## STORED DATA
++++++++

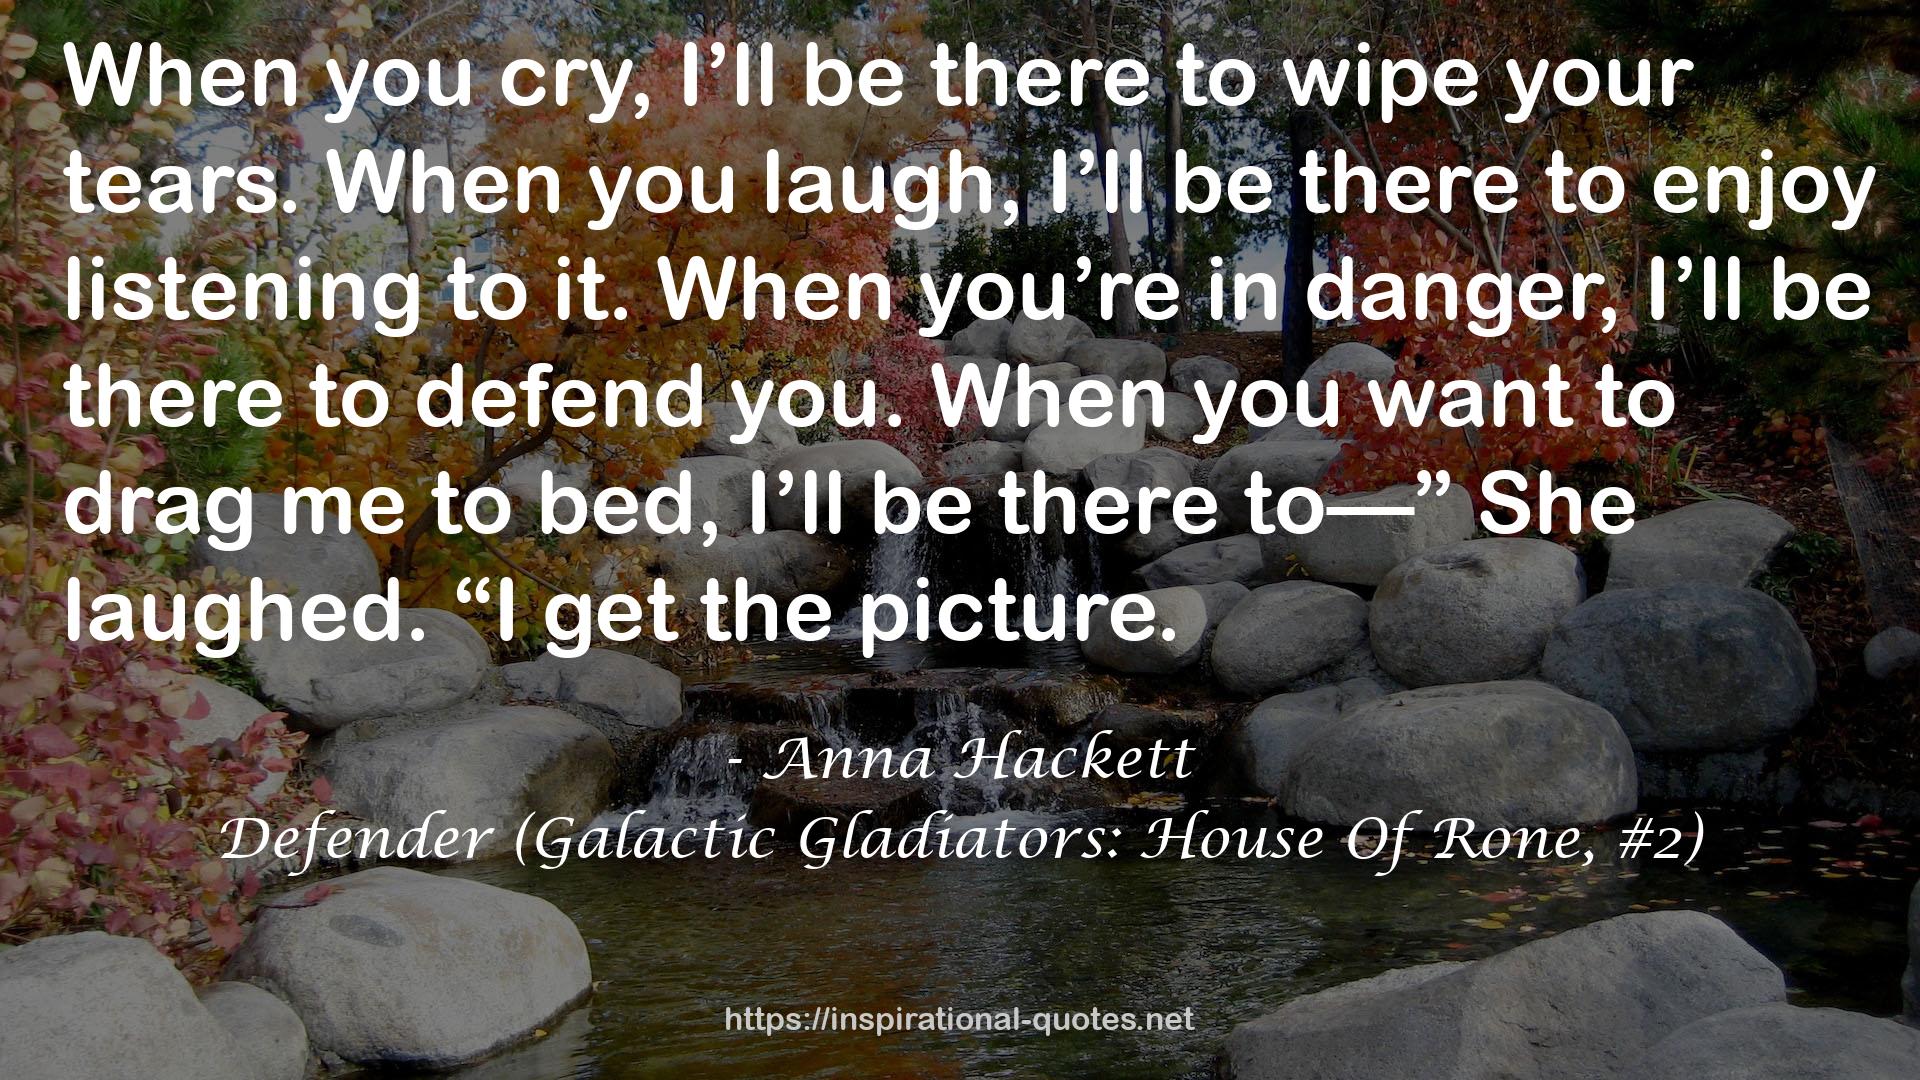 Defender (Galactic Gladiators: House Of Rone, #2) QUOTES
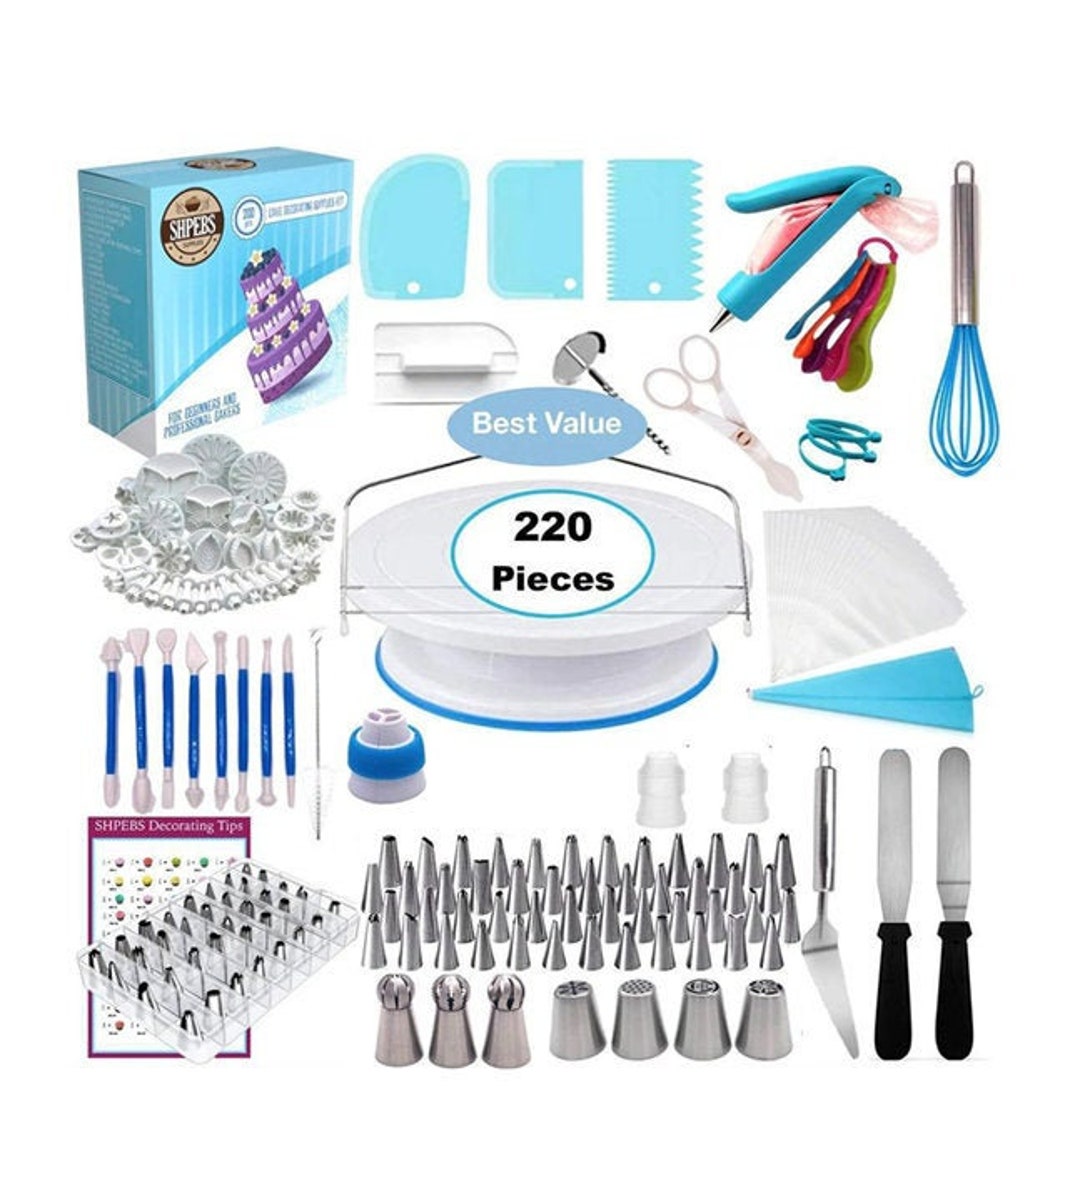 124 Pieces Cake Decorating Supplies Kit for Beginners 
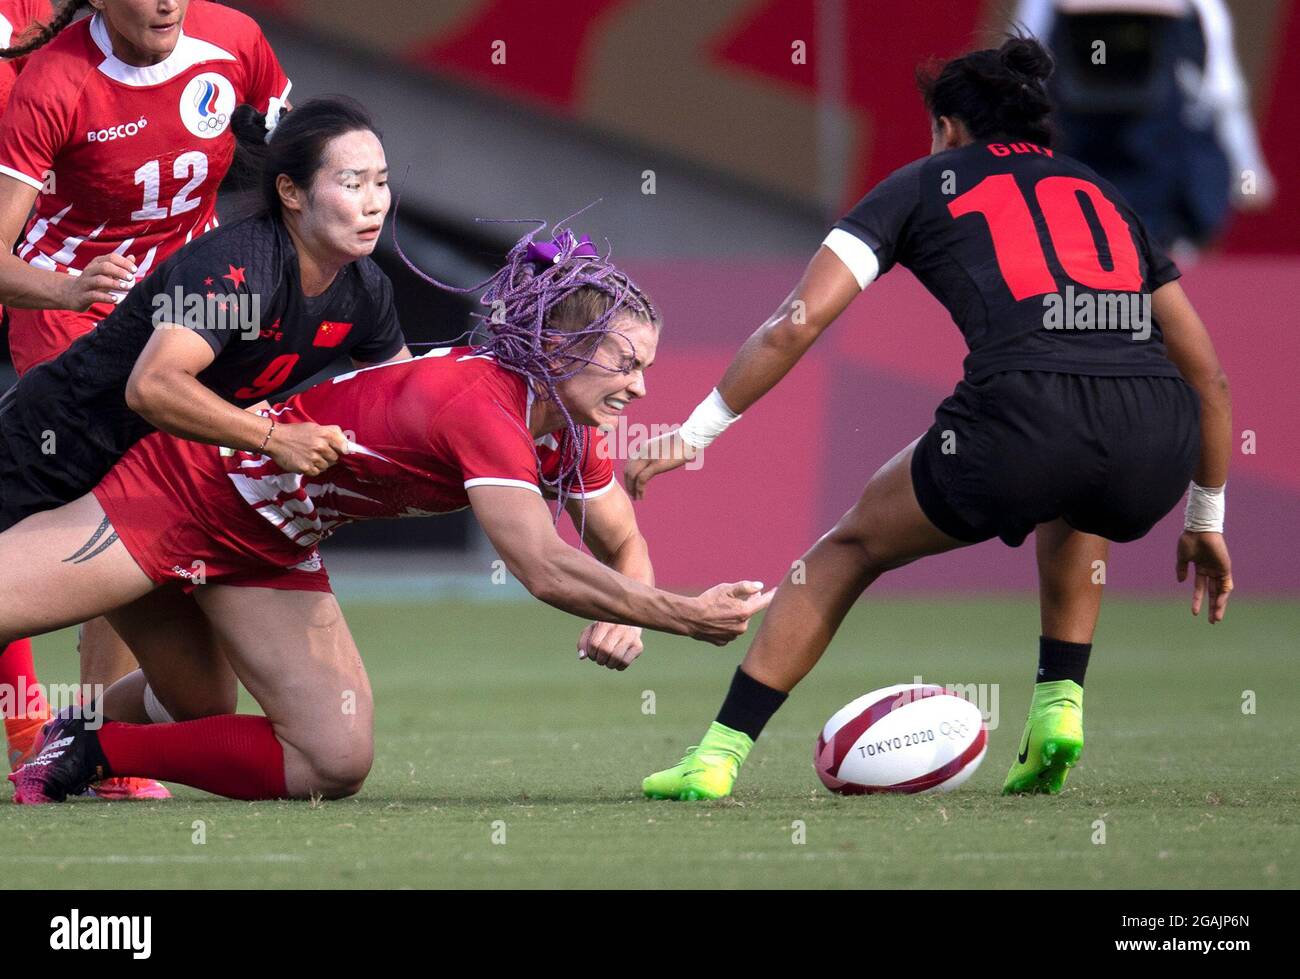 Tokyo, Japan. 31st July, 2021. Yang Feifei (2nd L) of China competes with Alena Tiron (2nd R) of ROC during the women's placing 7-8 match of rugby sevens between China and ROC at the Tokyo 2020 Olympic Games in Tokyo, Japan, July 31, 2021. Credit: Fei Maohua/Xinhua/Alamy Live News Stock Photo

++++++++

## ACTION ITEM
Exactly as given, transcribe every line of the data, but not its images.

## OUTPUT OF THE EXERCISE
 Defender (Galactic Gladiators: House Of Rone, #2) QUOTES
 124 Pieces Cake Decorating Supplies Kit for Beginners 
 Tokyo, Japan. 31st July, 2021. Yang Feifei (2nd L) of China competes with Alena Tiron (2nd R) of ROC during the women's placing 7-8 match of rugby sevens between China and ROC at the Tokyo 2020 Olympic Games in Tokyo, Japan, July 31, 2021. Credit: Fei Maohua/Xinhua/Alamy Live News Stock Photo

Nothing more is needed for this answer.